» **Instructions to follow**: Copy, word for word, the lines of the listing below from the line with "Breastfeeding Essentials: The" up to and including the line with "I rock n roll.". Drop the pictures.

» **Supplied records**:
━━━━━━━━━━

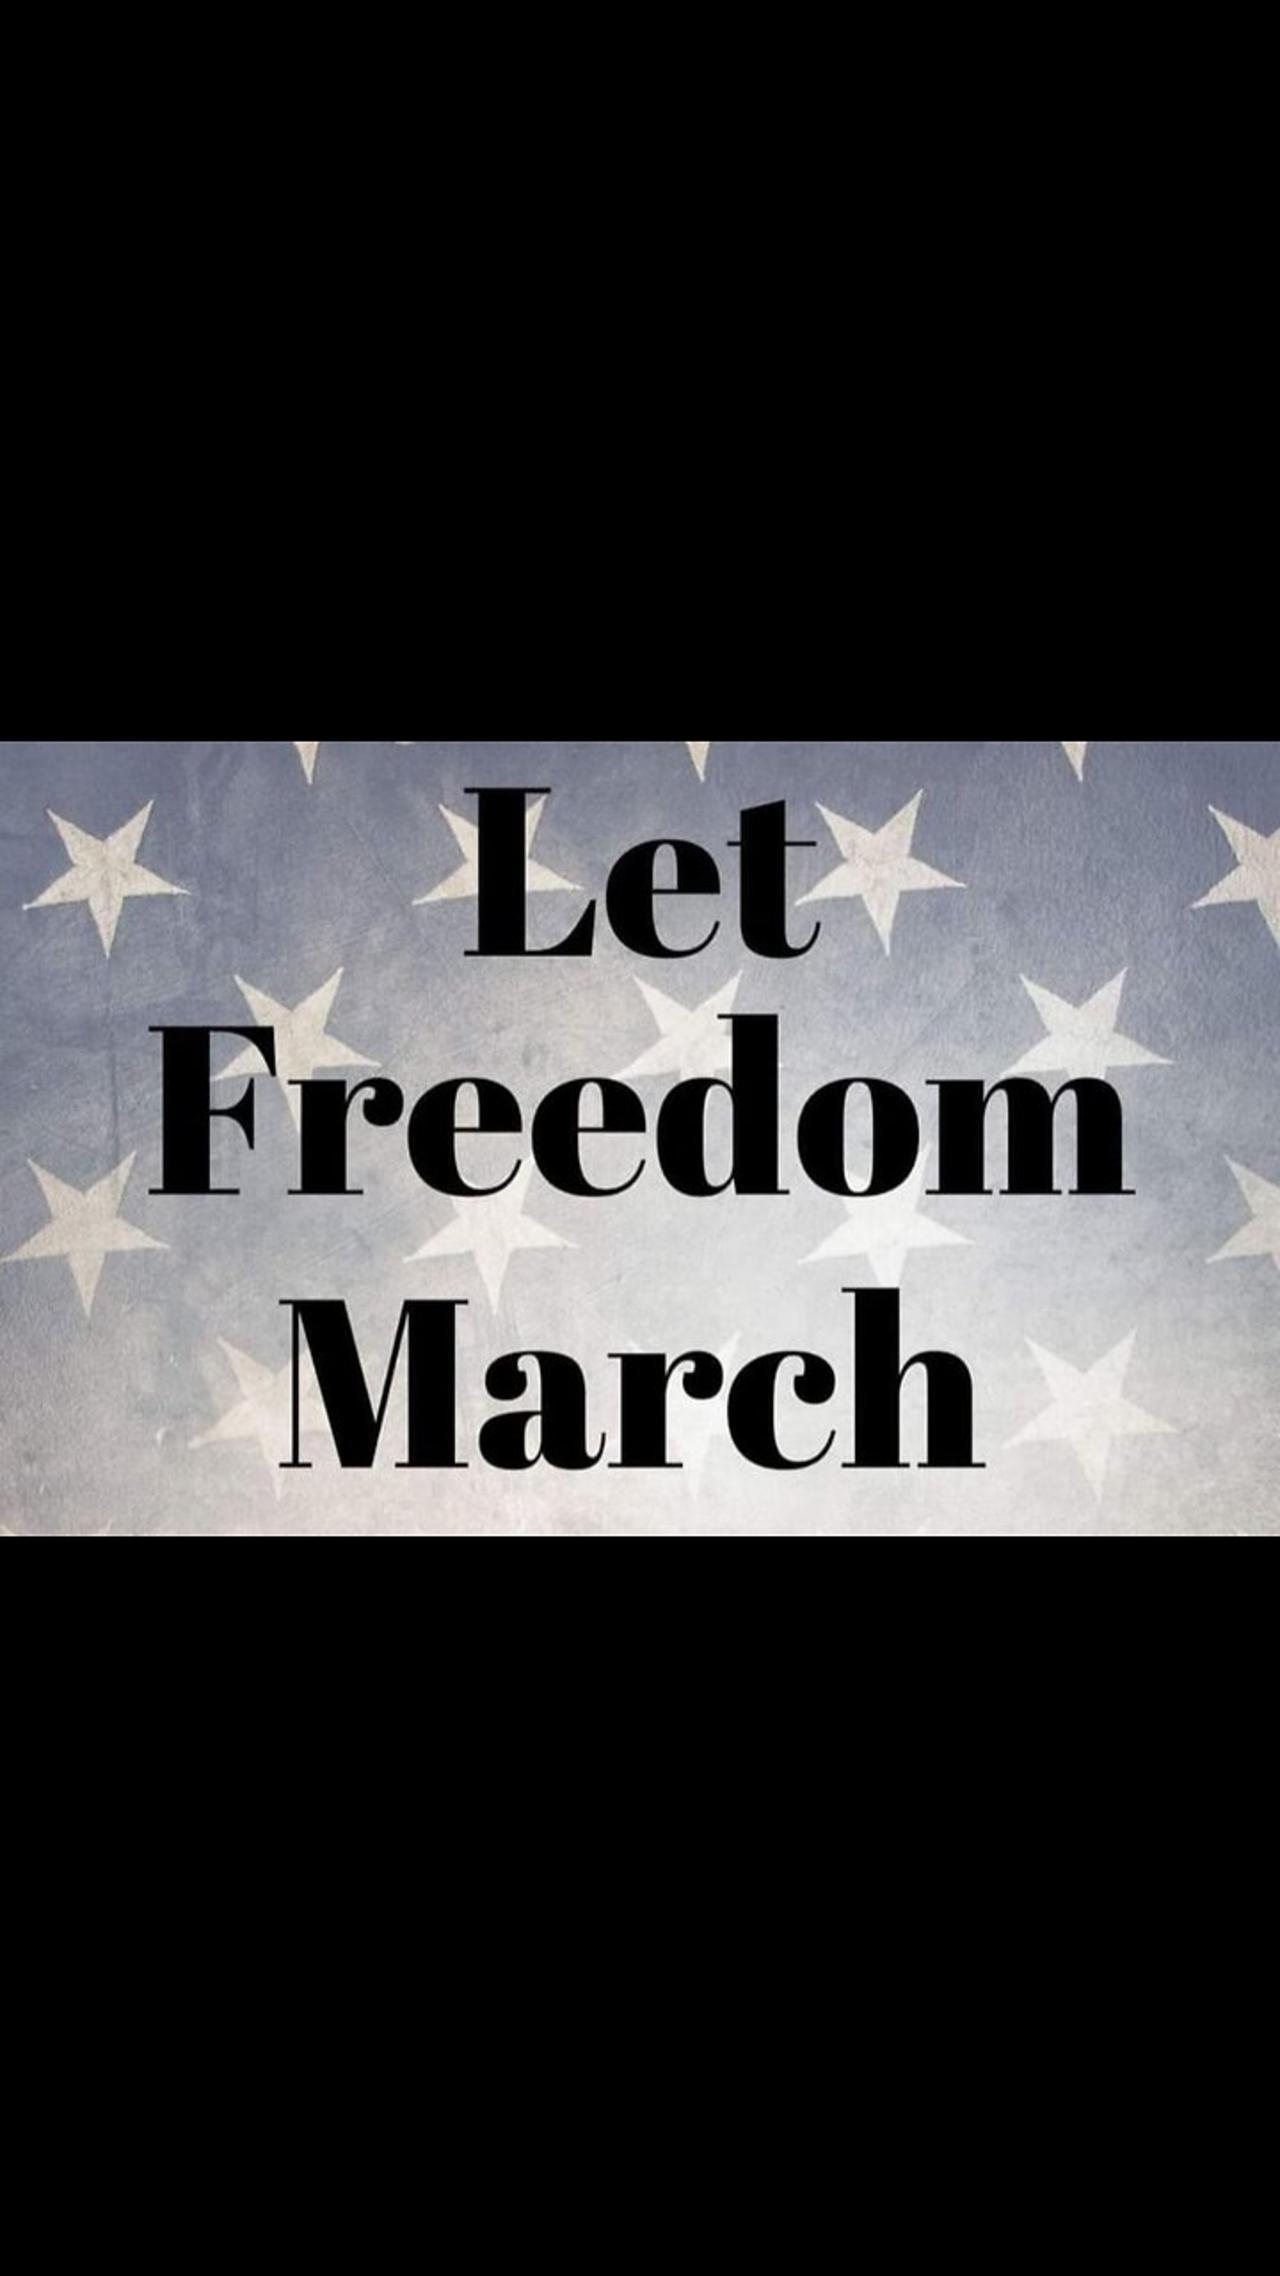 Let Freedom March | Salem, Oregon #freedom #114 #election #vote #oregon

━━━━━━━━━━

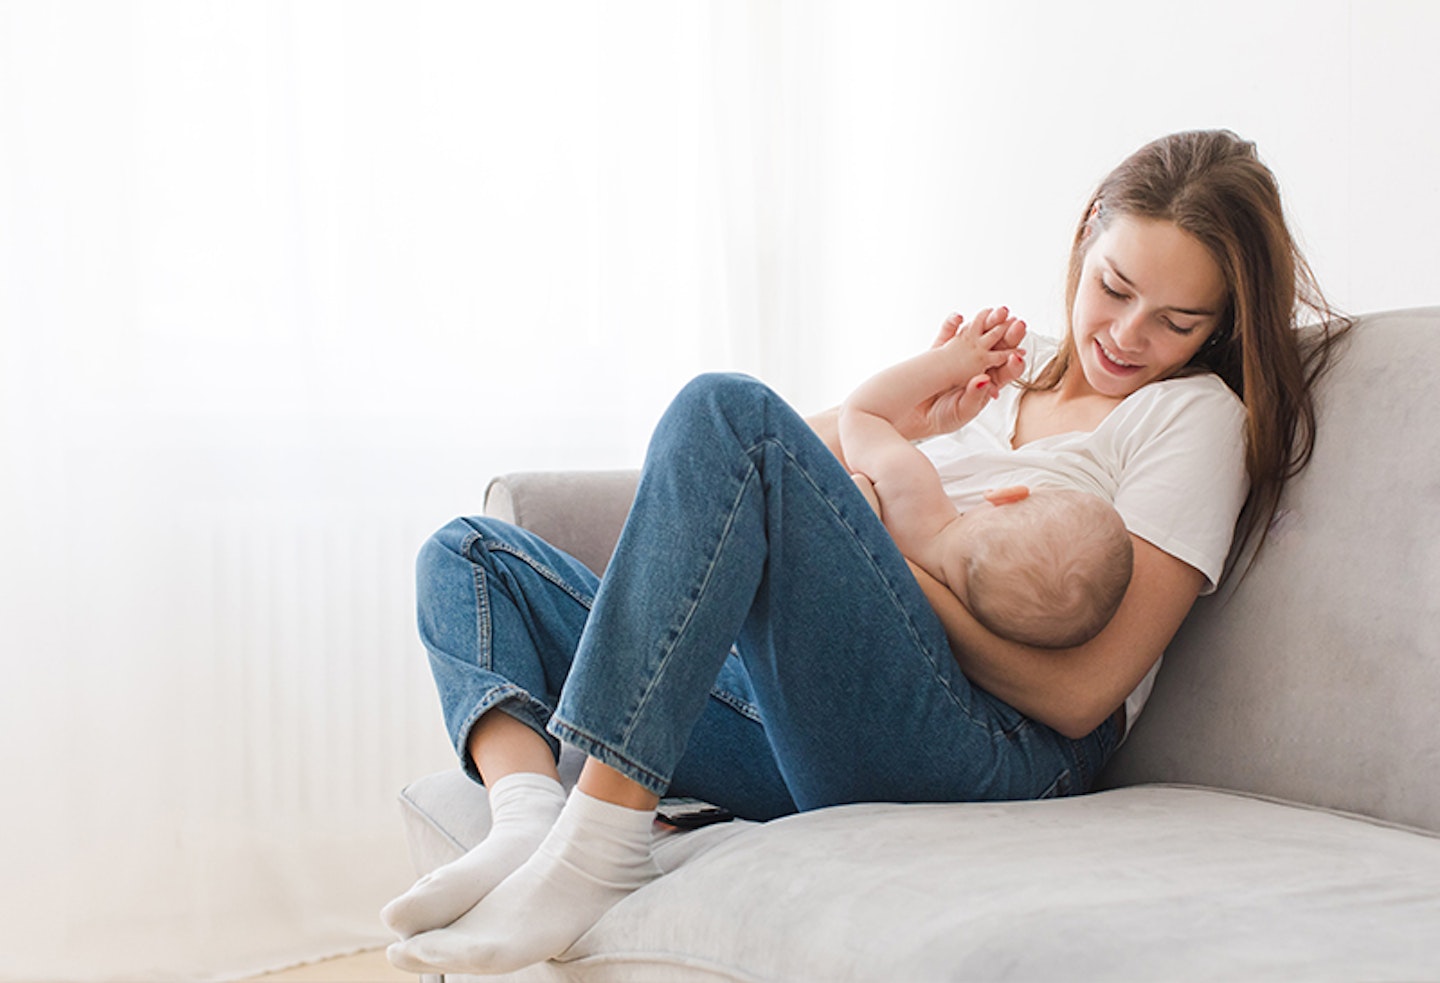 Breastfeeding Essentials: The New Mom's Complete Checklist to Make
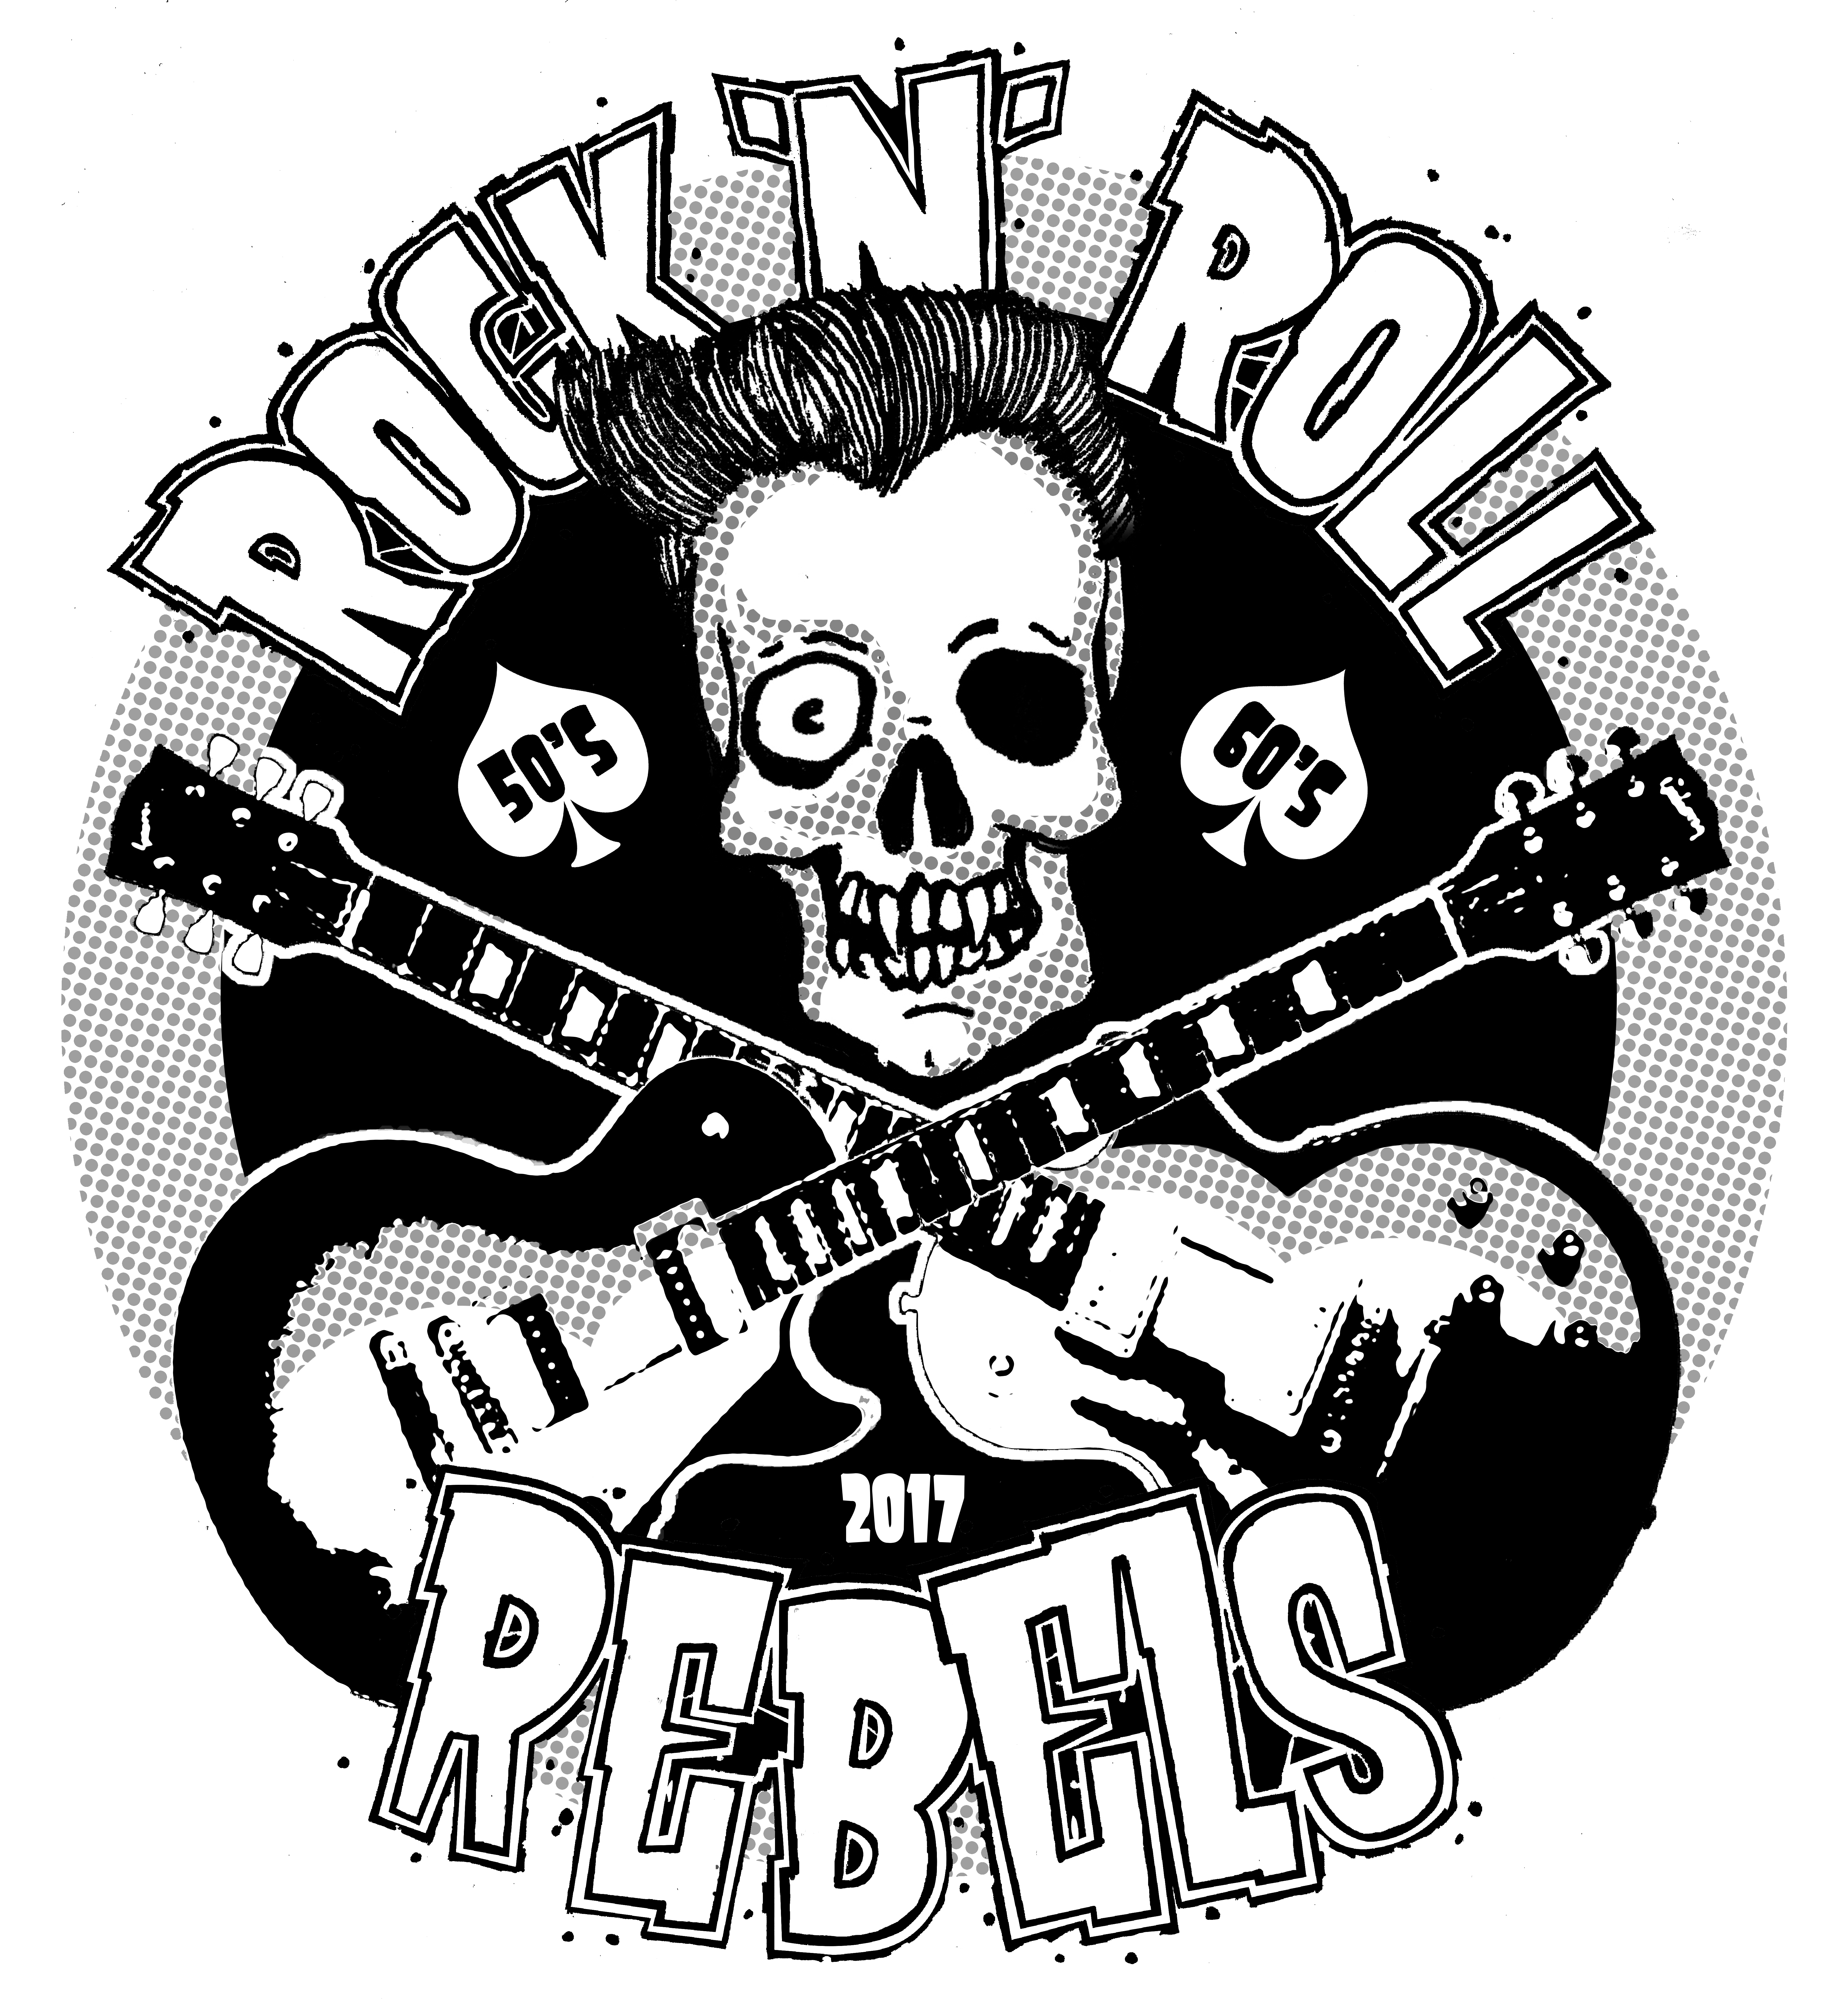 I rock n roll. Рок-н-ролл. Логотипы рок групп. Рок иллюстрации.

━━━━━━━━━━

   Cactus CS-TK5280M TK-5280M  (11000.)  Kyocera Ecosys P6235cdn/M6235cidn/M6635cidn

━━━━━━━━━━

» **Response**:
 Breastfeeding Essentials: The New Mom's Complete Checklist to Make
 I rock n roll. Рок-н-ролл. Логотипы рок групп. Рок иллюстрации.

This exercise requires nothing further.